IIRC, enabling symlink creation for your files should solve the problem.
Call DistributedCache.createSymLink(); before submitting your job.
On 12/25/08 10:40 AM, "Sean Shanny" <ss...@tripadvisor.com> wrote:
> To all,
>
> Version: hadoop-0.17.2.1-core.jar
>
> I created a MapFile on a local node.
>
> I put the files into the HDFS using the following commands:
>
> $ bin/hadoop fs -copyFromLocal /tmp/ur/data /2008-12-19/url/data
> $ bin/hadoop fs -copyFromLocal /tmp/ur/index /2008-12-19/url/index
>
> and placed them in the DistributedCache using the following calls in
> the JobConf class:
>
> DistributedCache.addCacheFile(new URI("/2008-12-19/url/data"), conf);
> DistributedCache.addCacheFile(new URI("/2008-12-19/url/index"), conf);
>
> What I cannot figure out how to do is actually access the MapFile now
> within my Map code. I tried the following but I am getting file not
> found errors when I try to run the job.
>
> private FileSystem fs;
> private MapFile.Reader myReader;
> private Path[] localFiles;
>
> ....
>
> public void configure(JobConf conf)
> {
> String[] s = conf.getStrings("map.input.file");
> m_sFileName = s[0];
>
> try
> {
> localFiles = DistributedCache.getLocalCacheFiles(conf);
>
> for (Path localFile : localFiles)
> {
> String sFileName = localFile.getName();
>
> if (sFileName.equalsIgnoreCase("data"))
> {
> System.out.println("Full Path: " +
> localFile.toString());
> System.out.println("Parent: " +
> localFile.getParent().toString());
>
> fs = FileSystem.get(localFile.toUri(), conf);
> myReader = new MapFile.Reader(fs,
> localFile.getParent().toString(), conf);
> }
> }
> }
> catch (IOException e)
> {
> // TODO Auto-generated catch block
> e.printStackTrace();
> }
>
> The following exception is thrown and I cannot figure out why it is
> adding the extra data element at the end of the path. The data is
> actually at
>
> Task Logs: 'task_200812250002_0001_m_000000_0'
>
> stdout logs
> Full Path: /tmp/hadoop-root/mapred/local/taskTracker/archive/hdp01n/
> 2008-12-19/url/data/data
> Parent: /tmp/hadoop-root/mapred/local/taskTracker/archive/hdp01n/
> 2008-12-19/url/data
> stderr logs
> java.io.FileNotFoundException: File does not exist: /tmp/hadoop-root/
> mapred/local/taskTracker/archive/hdp01n/2008-12-19/url/data/data at
> org
> .apache
> .hadoop
> .dfs.DistributedFileSystem.getFileStatus(DistributedFileSystem.java:
> 369) at org.apache.hadoop.fs.FileSystem.getLength(FileSystem.java:628)
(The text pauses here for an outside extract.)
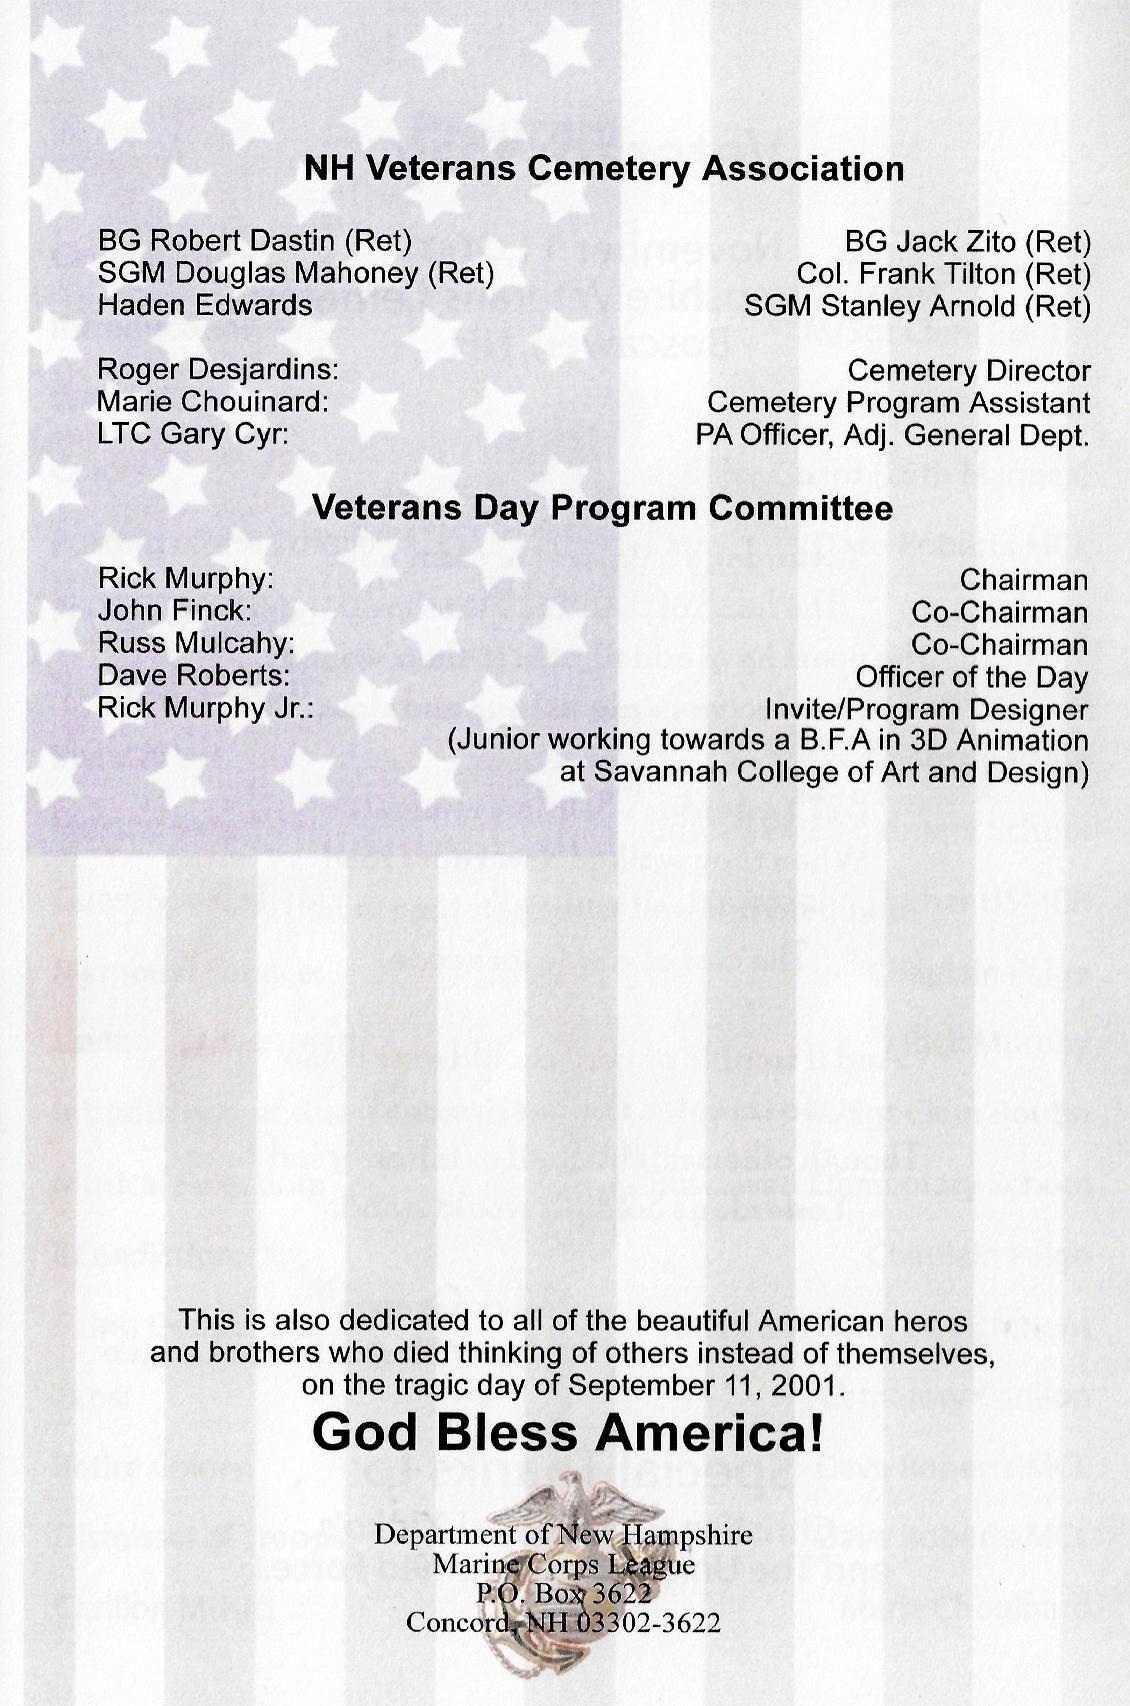 Veterans Day Program at the NH State Veterans Cemetery Nov 11 2001

> at org.apache.hadoop.io.SequenceFile$Reader.<init>(SequenceFile.java:
> 1431) at org.apache.hadoop.io.SequenceFile
> $Reader.<init>(SequenceFile.java:1426) at org.apache.hadoop.io.MapFile
> $Reader.createDataFileReader(MapFile.java:301) at
> org.apache.hadoop.io.MapFile$Reader.open(MapFile.java:283) at
> org.apache.hadoop.io.MapFile$Reader.<init>(MapFile.java:272) at
> org.apache.hadoop.io.MapFile$Reader.<init>(MapFile.java:259) at
> org.apache.hadoop.io.MapFile$Reader.<init>(MapFile.java:252) at
> com
> .TripResearch
> .warehouse.etl.EtlTestUrlMapLookup.configure(EtlTestUrlMapLookup.java:
> 84) at
> org.apache.hadoop.util.ReflectionUtils.setConf(ReflectionUtils.java:
> 58) at
> org
> .apache.hadoop.util.ReflectionUtils.newInstance(ReflectionUtils.java:
> 82) at org.apache.hadoop.mapred.MapRunner.configure(MapRunner.java:33)
> at org.apache.hadoop.util.ReflectionUtils.setConf(ReflectionUtils.java:
> 58) at
> org
> .apache.hadoop.util.ReflectionUtils.newInstance(ReflectionUtils.java:
> 82) at org.apache.hadoop.mapred.MapTask.run(MapTask.java:215) at
> org.apache.hadoop.mapred.TaskTracker$Child.main(TaskTracker.java:2122)
>
> The files do exist but I don't understand why they were placed in
> their own directories. I would have expected both files to exist at /
> 2008-12-19/url/ not /2008-12-19/url/data/ and /2008-12-19/url/index/
>
> ls -la /tmp/hadoop-root/mapred/local/taskTracker/archive/hdp01n/
> 2008-12-19/url/data
> total 740640
> drwxr-xr-x 2 root root 4096 Dec 24 23:49 .
> drwxr-xr-x 4 root root 4096 Dec 24 23:49 ..
> -rwxr-xr-x 1 root root 751776245 Dec 24 23:49 data
> -rw-r--r-- 1 root root 5873260 Dec 24 23:49 .data.crc
>
> [root@hdp01n warehouse]# ls -la /tmp/hadoop-root/mapred/local/
> taskTracker/archive/hdp01n/2008-12-19/url/index
> total 2148
> drwxr-xr-x 2 root root 4096 Dec 25 00:04 .
> drwxr-xr-x 4 root root 4096 Dec 25 00:04 ..
> -rwxr-xr-x 1 root root 2165220 Dec 25 00:04 index
> -rw-r--r-- 1 root root 16924 Dec 25 00:04 .index.crc
>
> ....
>
> I know I must be doing something really stupid here as I am sure this
> has been done by lots of folks prior to my feeble attempt. I did a
> google search but really could not come up with any examples of using
> a MapFile on the DistributedCache.
>
> Thanks.
>
> --sean
>
>
>
>